Gazouiller n’est pas communiquer !
Dorénavant, on ne communique plus, « on fait le buzz ».
On n’écrit plus, on produit des contenus.
On n’exprime plus son opinion, on « like ».
On ne pense plus, on « twitte ».
Point de salut pour le communicant qui n’aura pas opéré sa « transition numérique » !
Ces glissements sémantiques sont, non seulement et très certainement, l’expression d’une profonde et rapide évolution en grande partie liée à l’avènement des outils numériques connectés, mais encore, et peut-être surtout, de leurs effets sur la progression de la dictature de l’instant et de la pulsion, dont on ne mesure pas encore tout-à-fait les conséquences sur la vie privée des gens, la stratégie des entreprises ou les politiques publiques. De plus, même si je ne crois pas à la fable de la brutale mutation anthropologique qu’engendre les usages du numérique et en particulier sur nos processus cognitifs, je suis néanmoins certain que l’information en temps réel, savamment profilée par des algorithmes et associée à des moyens de diffusion « multicanal » sont non seulement des facteurs de stress et de dispersion, mais encore favorisent le « prêt à penser », le formatage des esprits et, disons-le, la flemme.
Et voilà revenu le temps du peuple des moutons de Parnurge se ruer sur ces nouveaux outils, victime de la doxa « techno-utopiste » que nous impose les géants de l’internet et autres solutionnistes de la côte ouest des Etats-Unis. « Il faut y être ! ». Comme si la faculté d’être devait désormais se résoudre au présentéisme et à l’activisme sur les réseaux sociaux.
Qui n’a pas vu un grand patron, un leader syndical ou politique faire pathétiquement et publiquement (et pour cause !) son expérience de ces nouveaux médias ? Faut-il, à cet égard, ici rappeler les innombrables bourdes aux conséquences souvent pénibles que nous livre quotidiennement l’actualité ? N’a-t-on pas vu un ancien chef de l’Etat, certes controversé mais sans nul doute excellent communicant, se faire lapider avec les pierres qu’il avait lui-même distribué à ses détracteurs. Pardon, ses « followers » ?

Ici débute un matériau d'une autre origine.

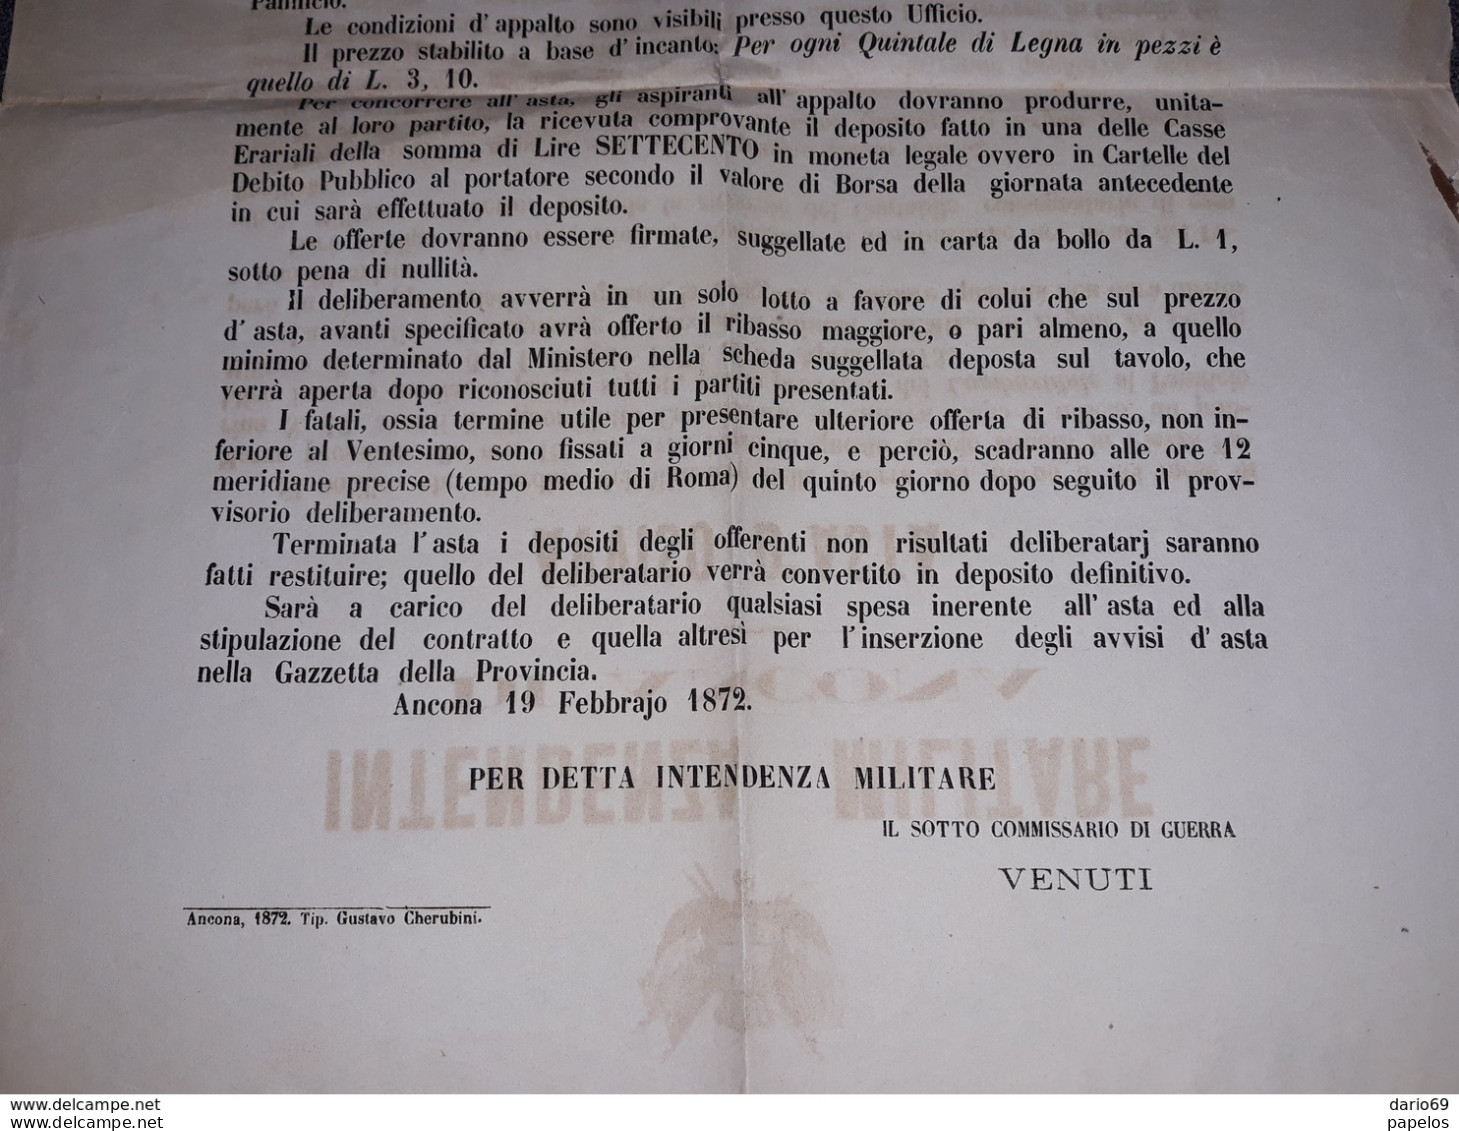 1872  MANIFESTO  INTENDENZA MILITARE DI ANCONA  AVVISO D'ASTA  PER IL COMBUSTIBILE AL PANIFICIO MILITARE - Documenti Storici

A la fois à l’opposé et à la faveur de cette naïveté technophile galopante, se fait jour un autre courant, sans doute tout aussi mortifère, celui du refus en bloc de l’usage des réseaux sociaux, voire de la prohibition pure et simple de certains d’entre eux. Une tendance qui, au moment où le parlement met la dernière main à une loi sur le renseignement qui légalise la surveillance de tous et à tous les instants, pourrait se révéler gravement pénalisante pour la transformation numérique de notre société et de notre économie, donc hypothéquer encore davantage notre avenir économique.
Pour autant, et de toute évidence, ce n’est pas tant l’outils qui pose problème que le manque de maîtrise de ceux qui les utilisent. Autrement dit, l’outil en lui-même n’est ni bon, ni mauvais. Il se contente d’être et c’est bien la façon dont l’on s’en sert qui est en cause.
Il y a quelques années, quand sont arrivés sur le marché les premiers logiciels de mise en page grand public, donc utilisables quasiment par n’importe qui, beaucoup d’entreprises ont décidé d’en faire l’acquisition et de confier à un stagiaire la mise en page de leurs plaquettes, brochures et autres newsletters. Et en profiter pour remercier leur agence de design des ses services. Il aura fallu quelques années pour qu’ils comprennent que l’outil ne se substituait pas à la compétence, ni le code au talent. Histoire qui se répète avec la photo numérique, la vidéo, ou avec le site internet réalisé par le « fils de ma cousine qui s’y connaît ».
La question n’est donc pas tant celle, et une nouvelle fois, de la littératie des technologies numériques, de l’habilité et des compétences qui s’y rattachent, que celle de l’intelligence que l’on doit y mettre. Et c’est bien là, le métier des professionnels des relations publics.
Car le défi n’est pas « d’être digital » mais d’être professionnel avec le digital, et d’éviter que les technologies ne finissent par assimiler le nombre de « followers » à la popularité, ou celui de « like » à la réputation ou encore celui de « retweets » à la performance.
En un mot, confondre le bruit avec la communication.